→ **What to do**
Print, with no pictures, the exact lines that run from the one containing "Rustic Wedding Decor" through the last line of the material below, both ends included.

→ **Collected material**
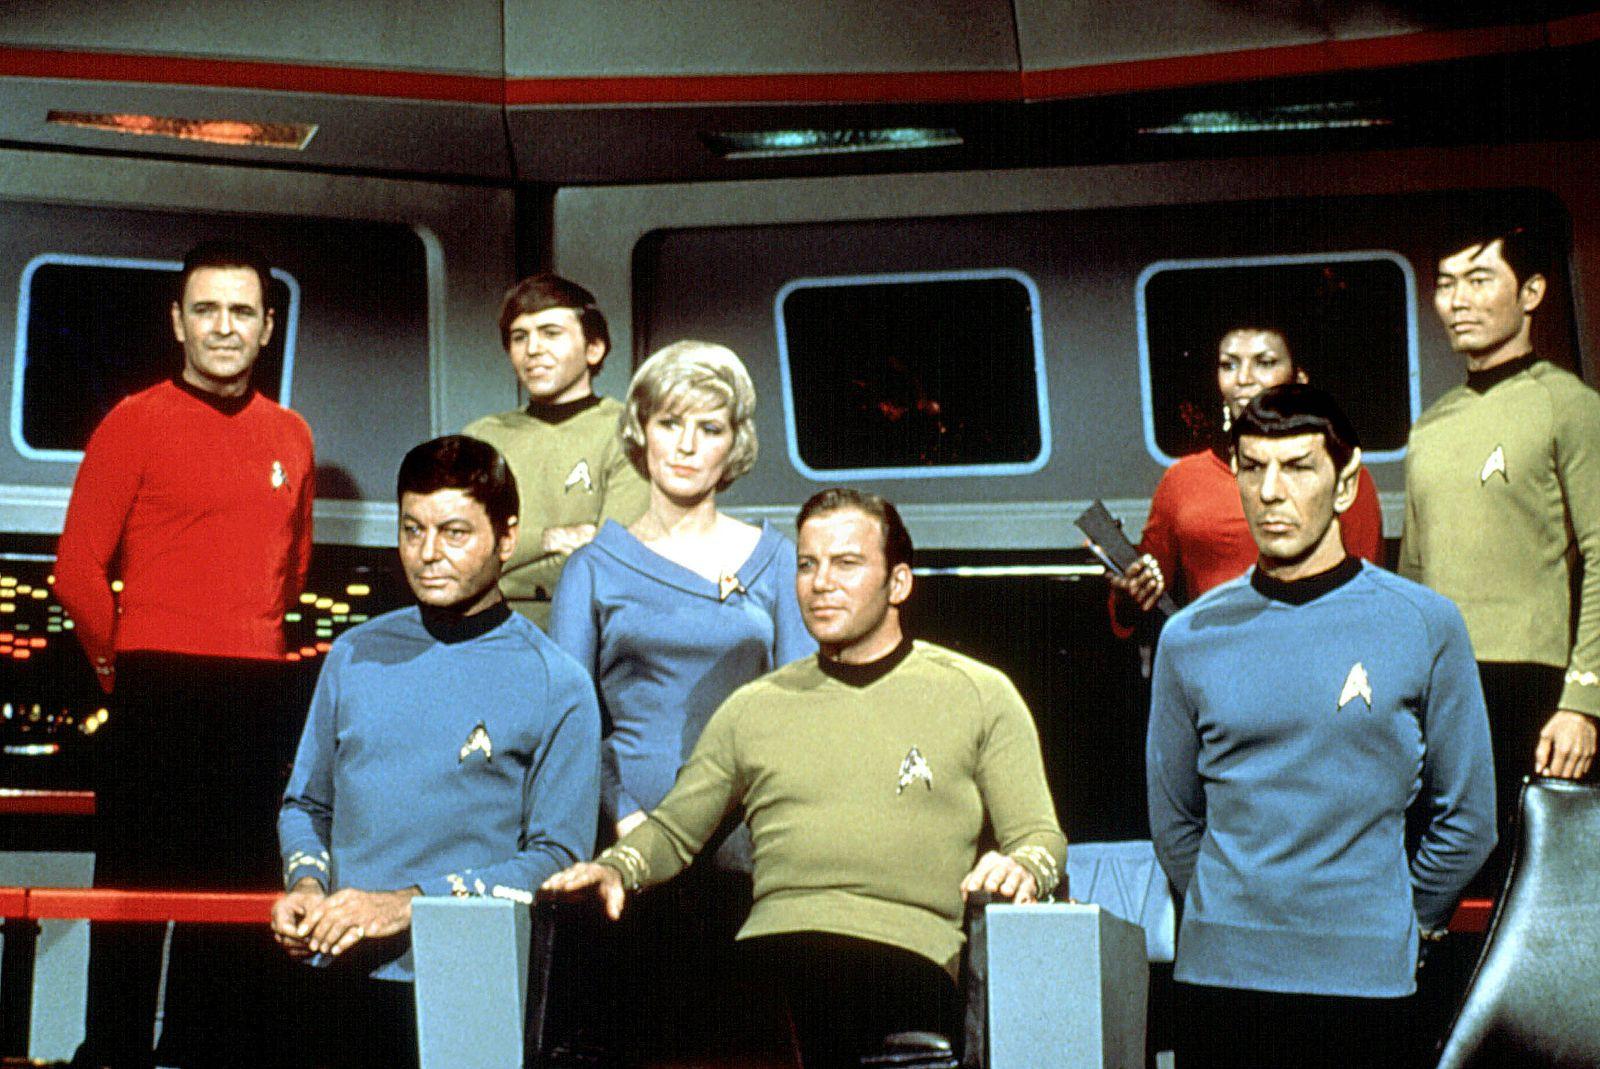 STAR TREK, James Doohan, DeForest Kelley, Walter Koenig, Majel Barrett, William Shatner, Nichelle Nichols, Leonard Nimoy
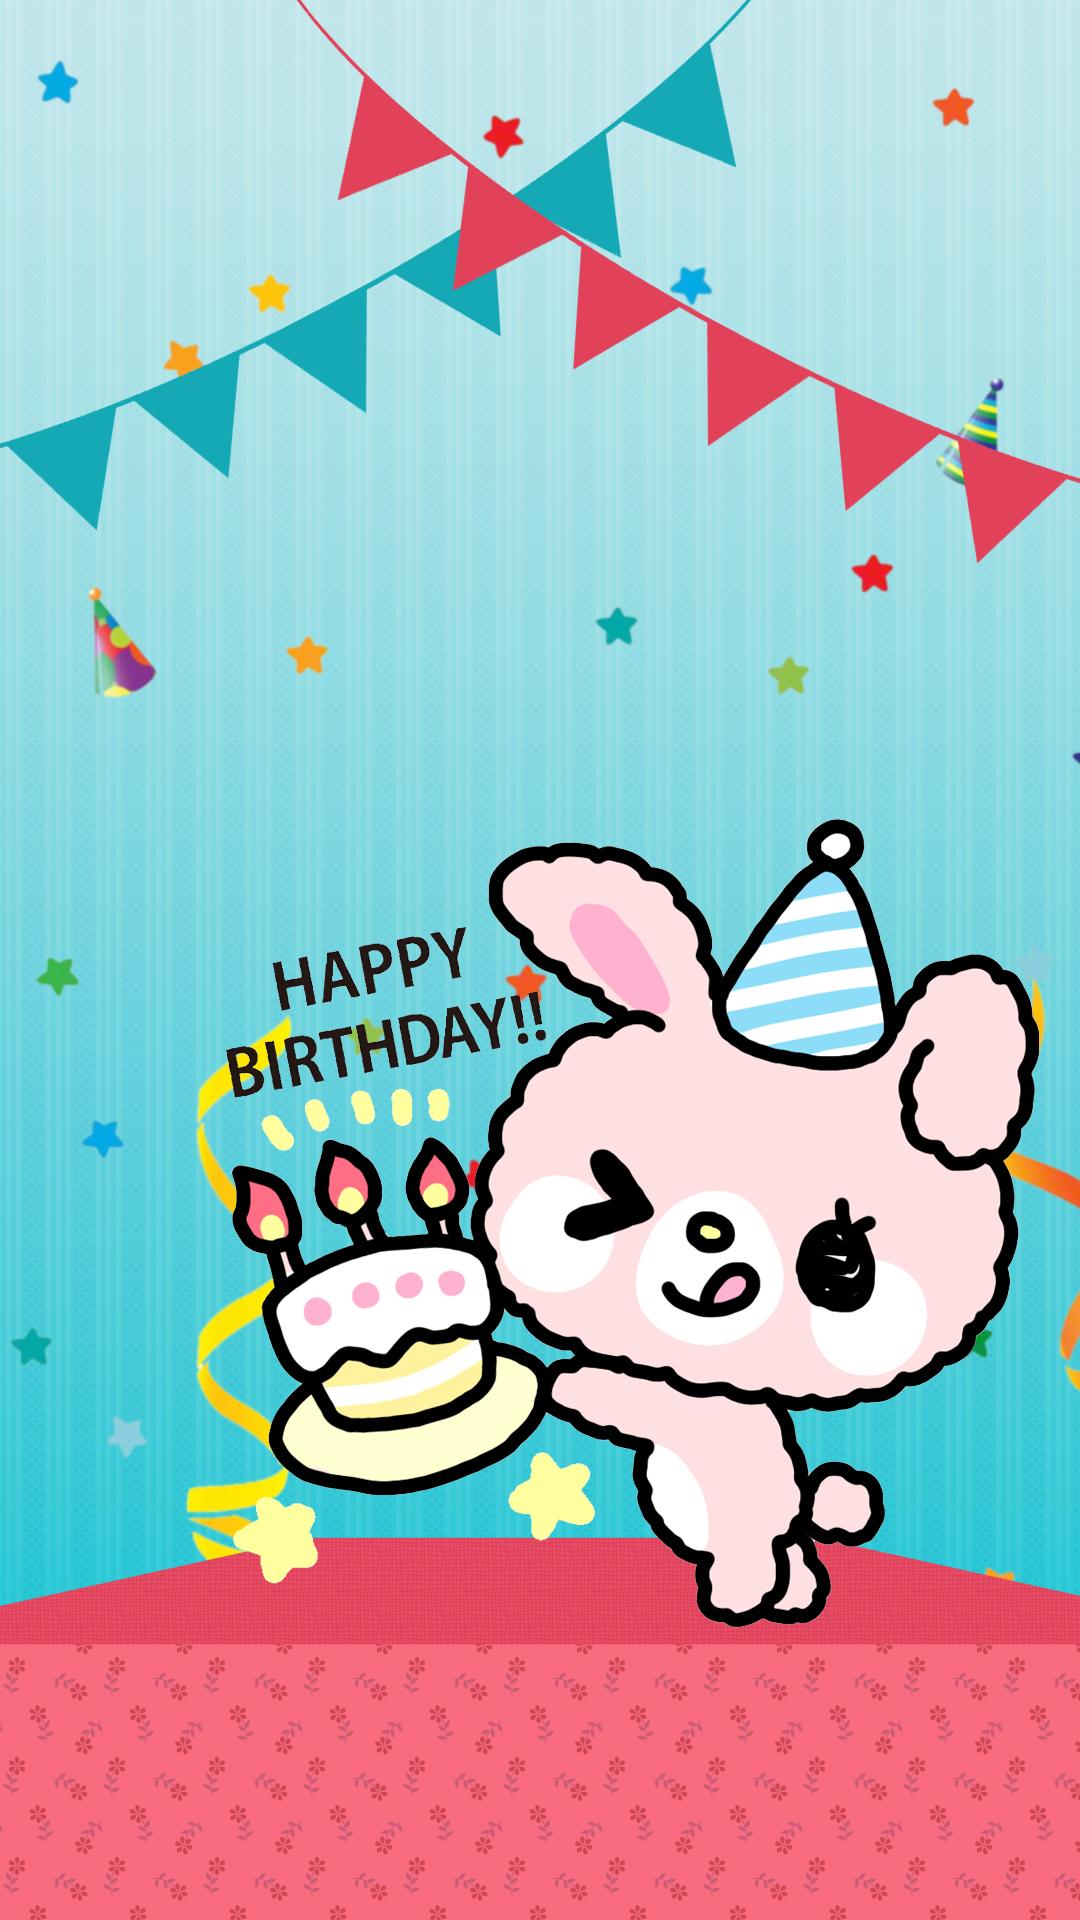 iPhone wallpaper happy Birthday!! Anime wallpaper
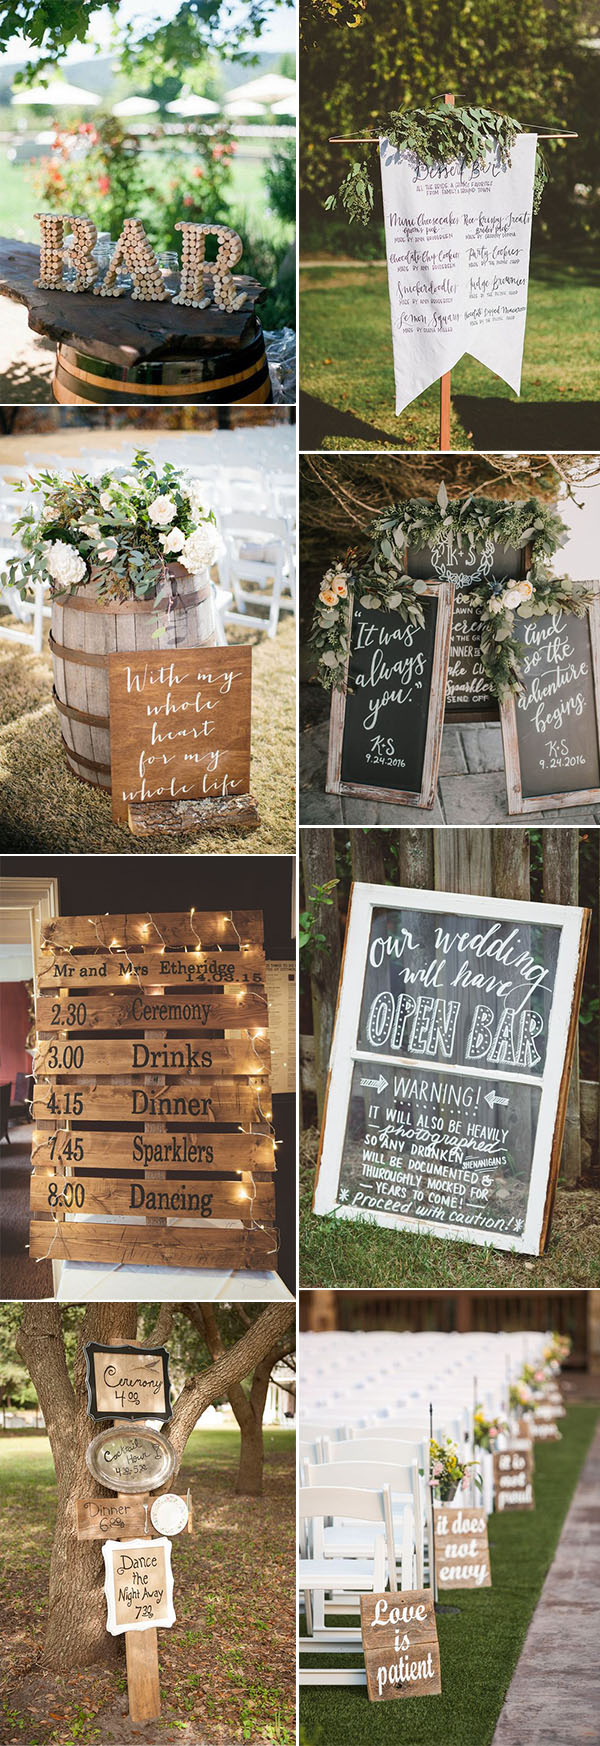 Rustic Wedding Decor Diy Top 10 Diy Projects For Rustic Wedding Ideas Elegantweddinginvites
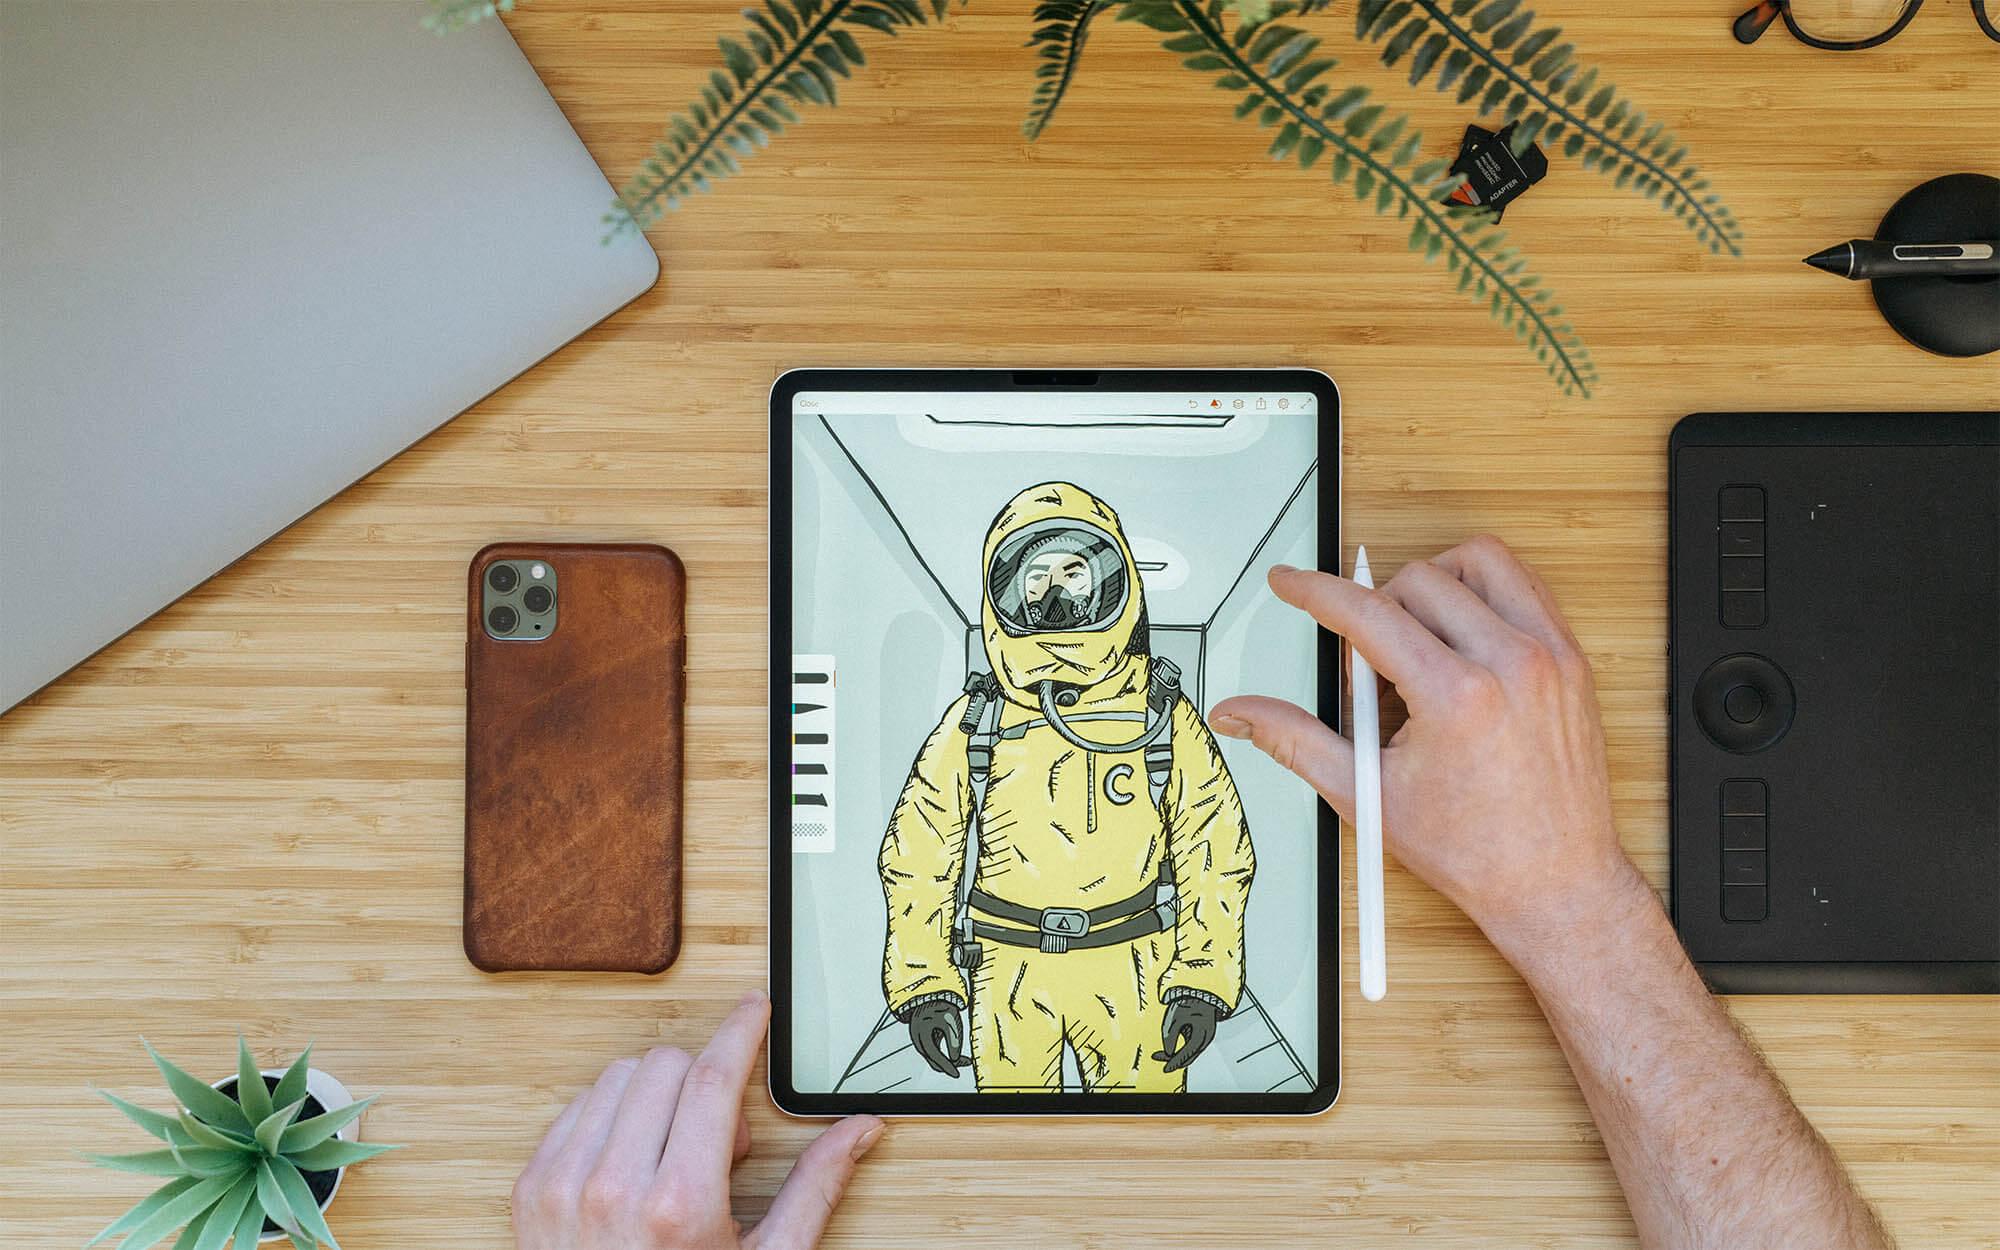 Person looking at illustration on ipad

→ **Solution to this exercise**
 Rustic Wedding Decor Diy Top 10 Diy Projects For Rustic Wedding Ideas Elegantweddinginvites
 Person looking at illustration on ipad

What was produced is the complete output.